### EXERCISE INSTRUCTIONS:
Using the data below, return word for word every line from the one holding "Everything you need" down to the one holding "The Bison blowing off steam, Yellowstone NP". Leave pictures out.

DATA TO USE Start Marker

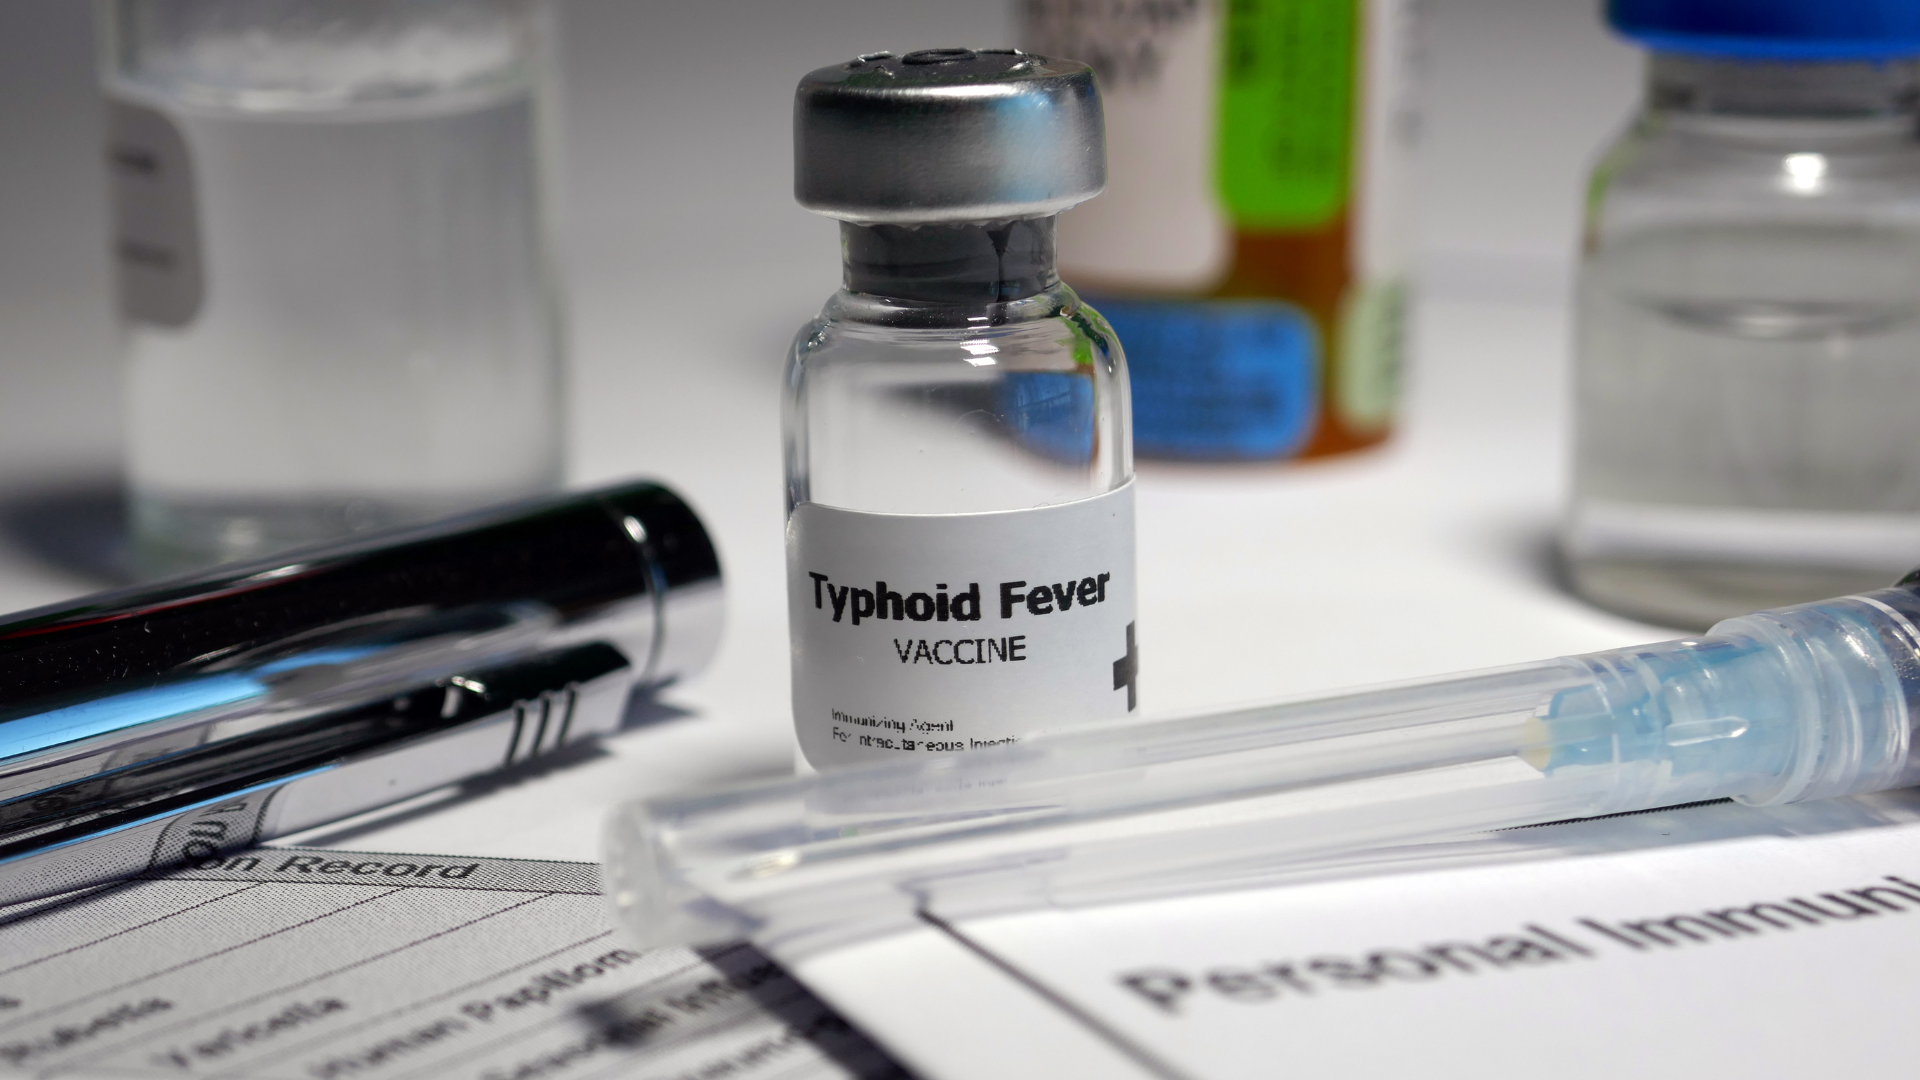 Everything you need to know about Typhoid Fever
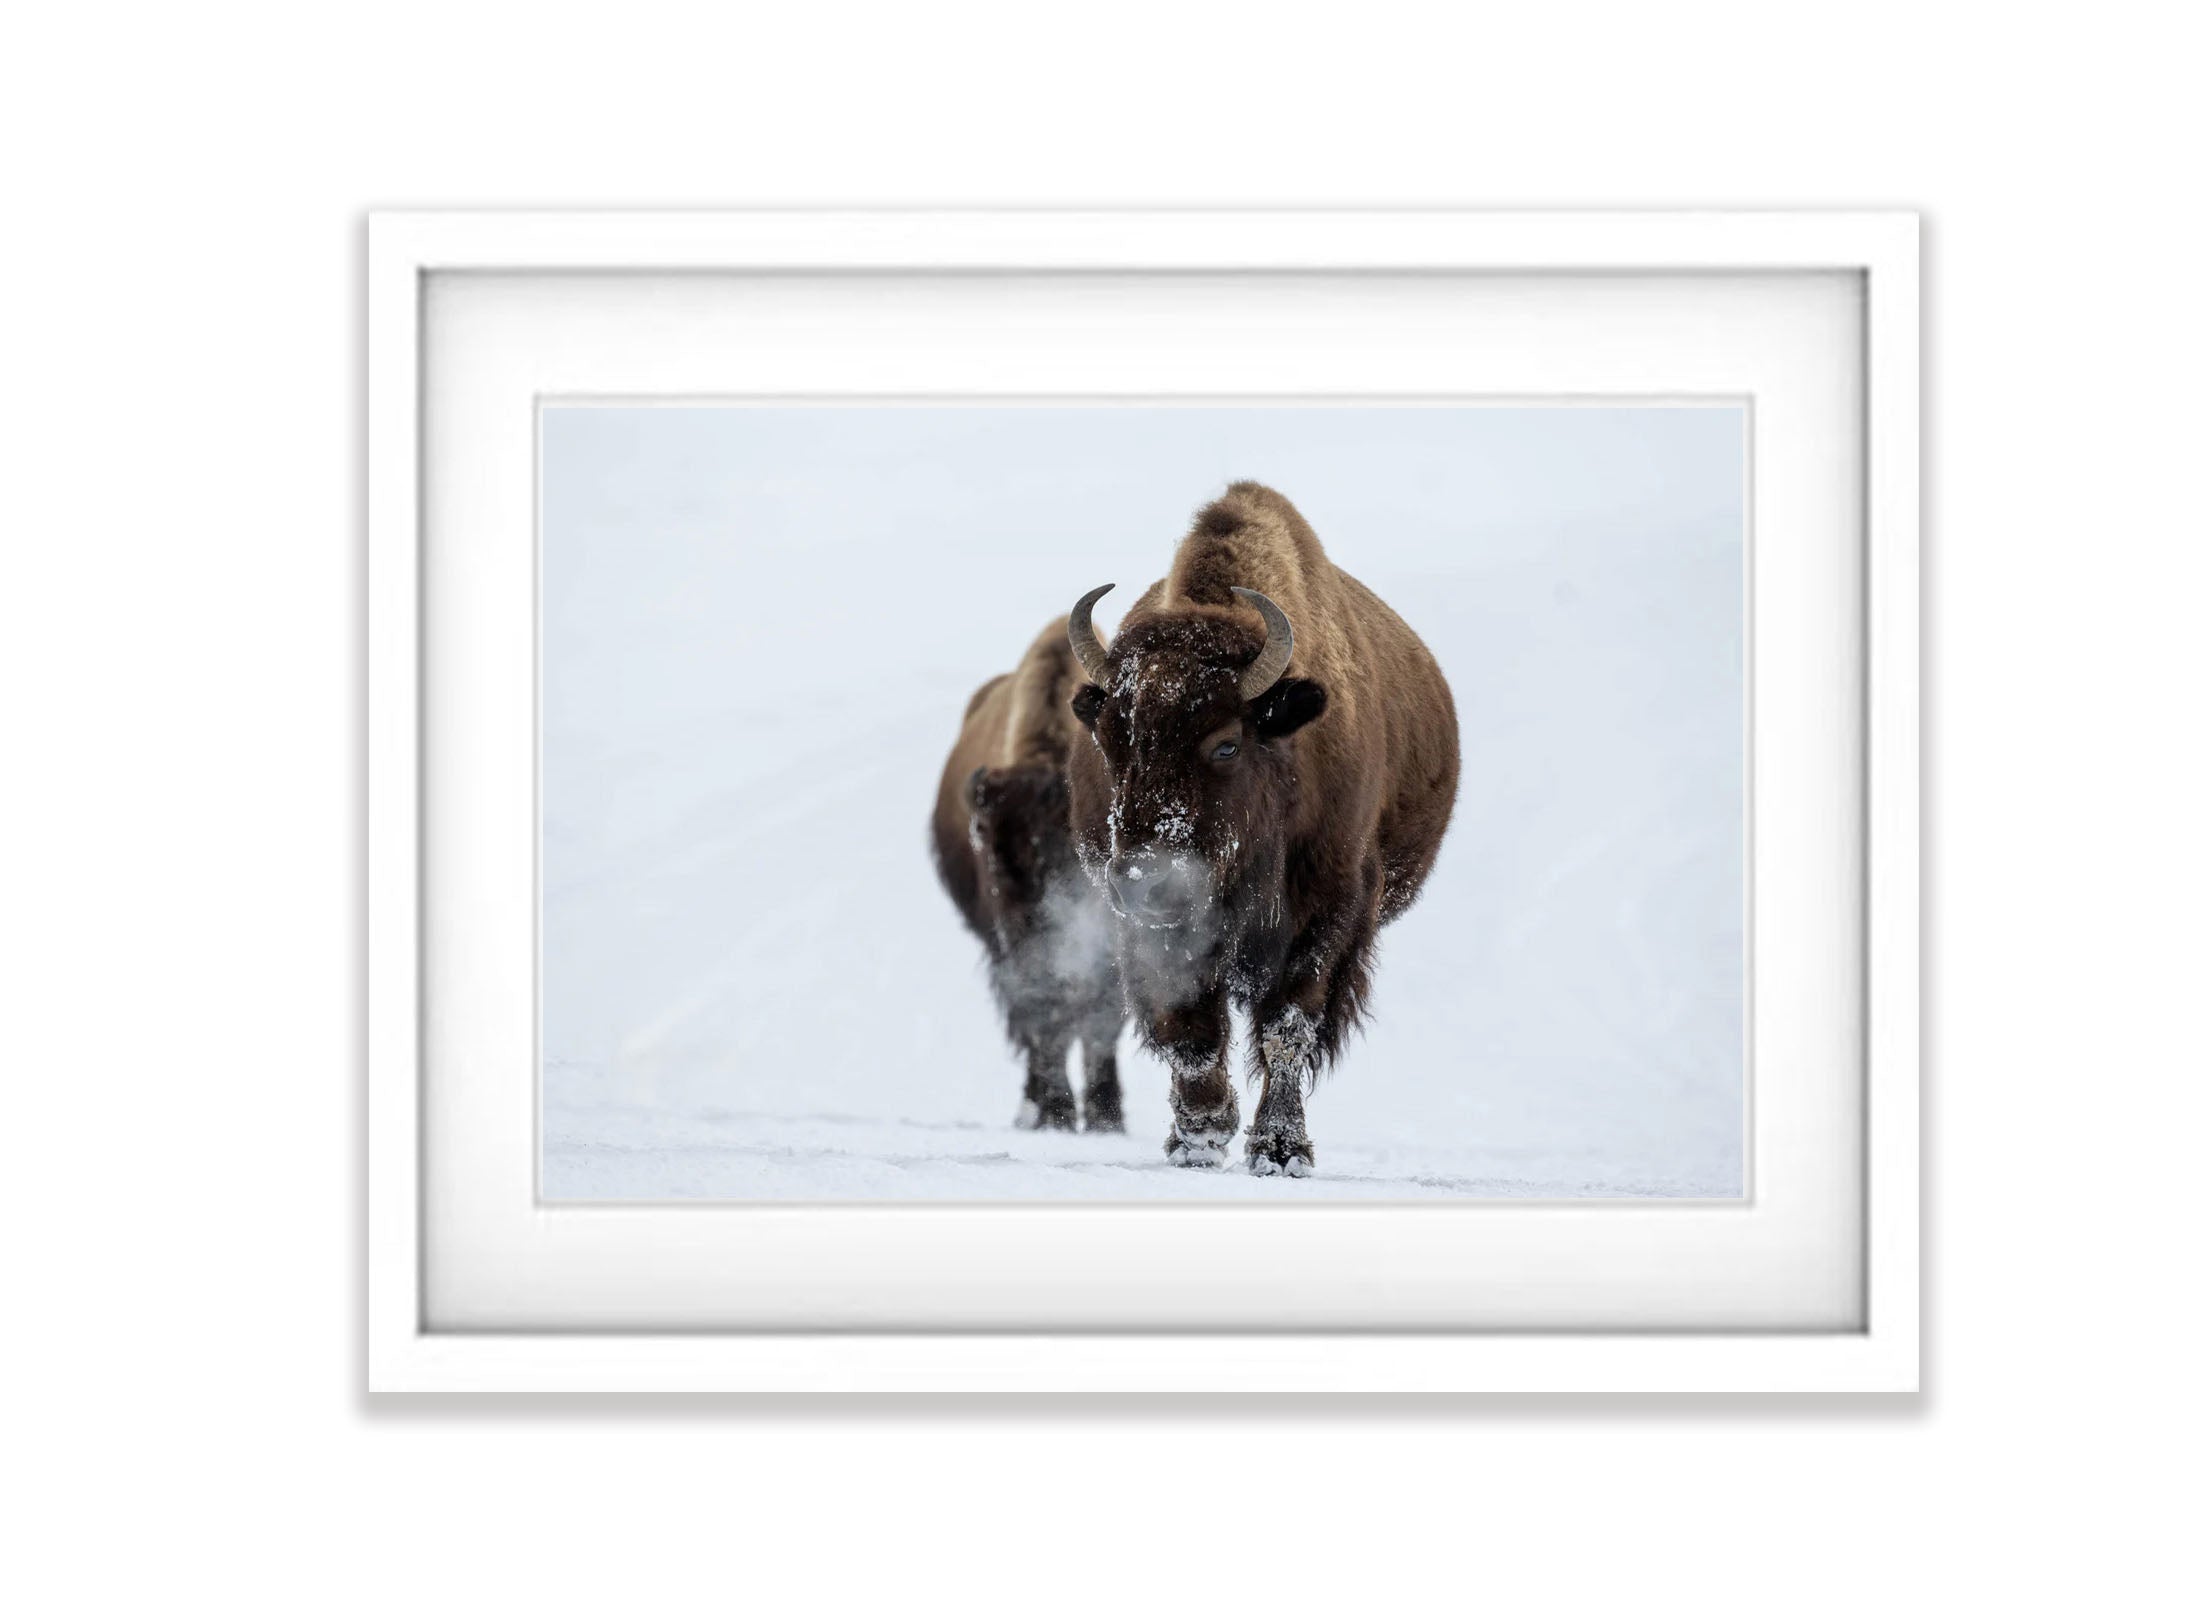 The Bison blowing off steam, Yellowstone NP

DATA TO USE End Marker
DATA TO USE Start Marker

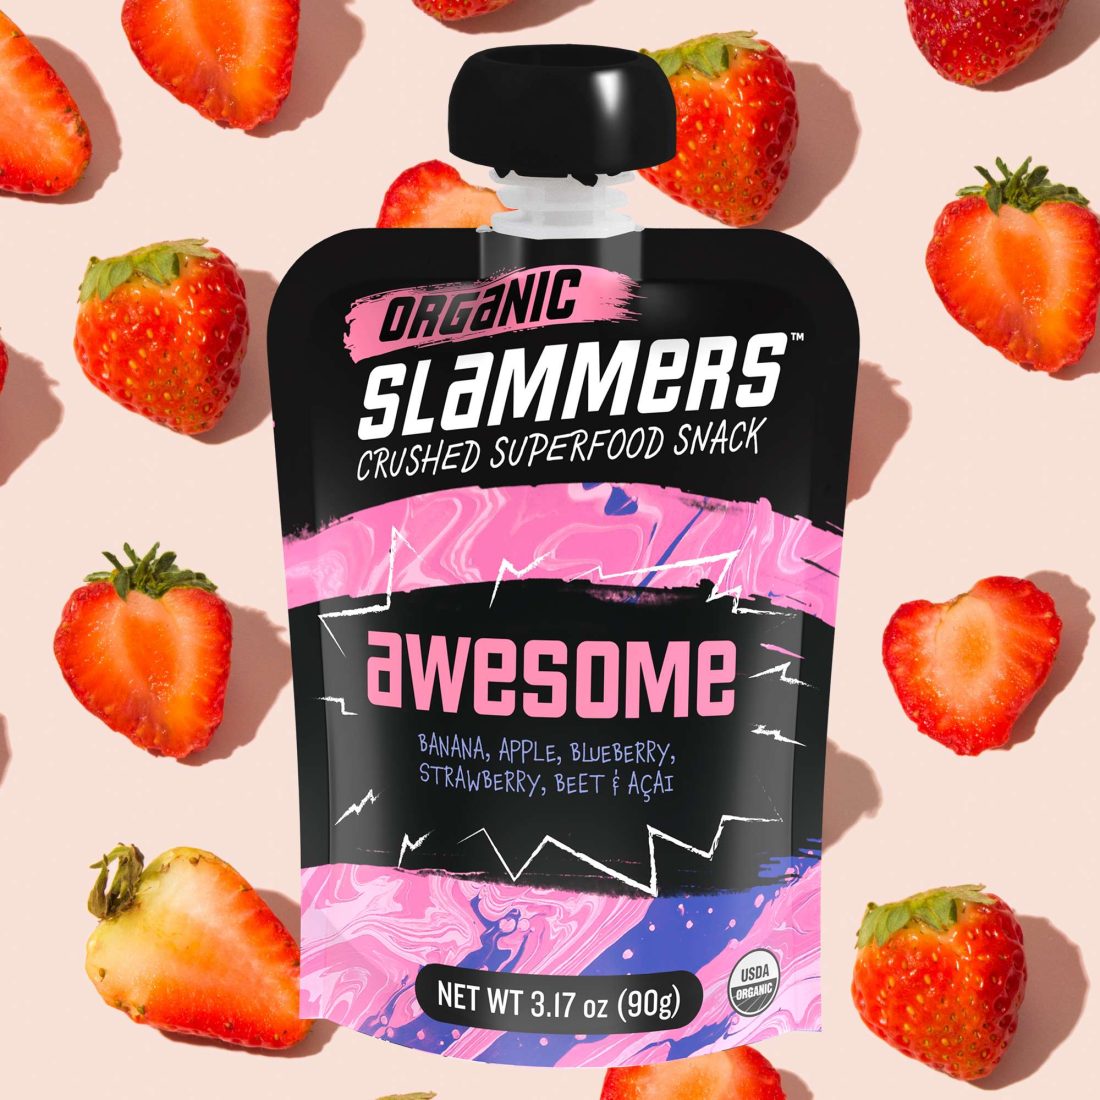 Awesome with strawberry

DATA TO USE End Marker

### EXPECTED OUTPUT:
 Everything you need to know about Typhoid Fever
 The Bison blowing off steam, Yellowstone NP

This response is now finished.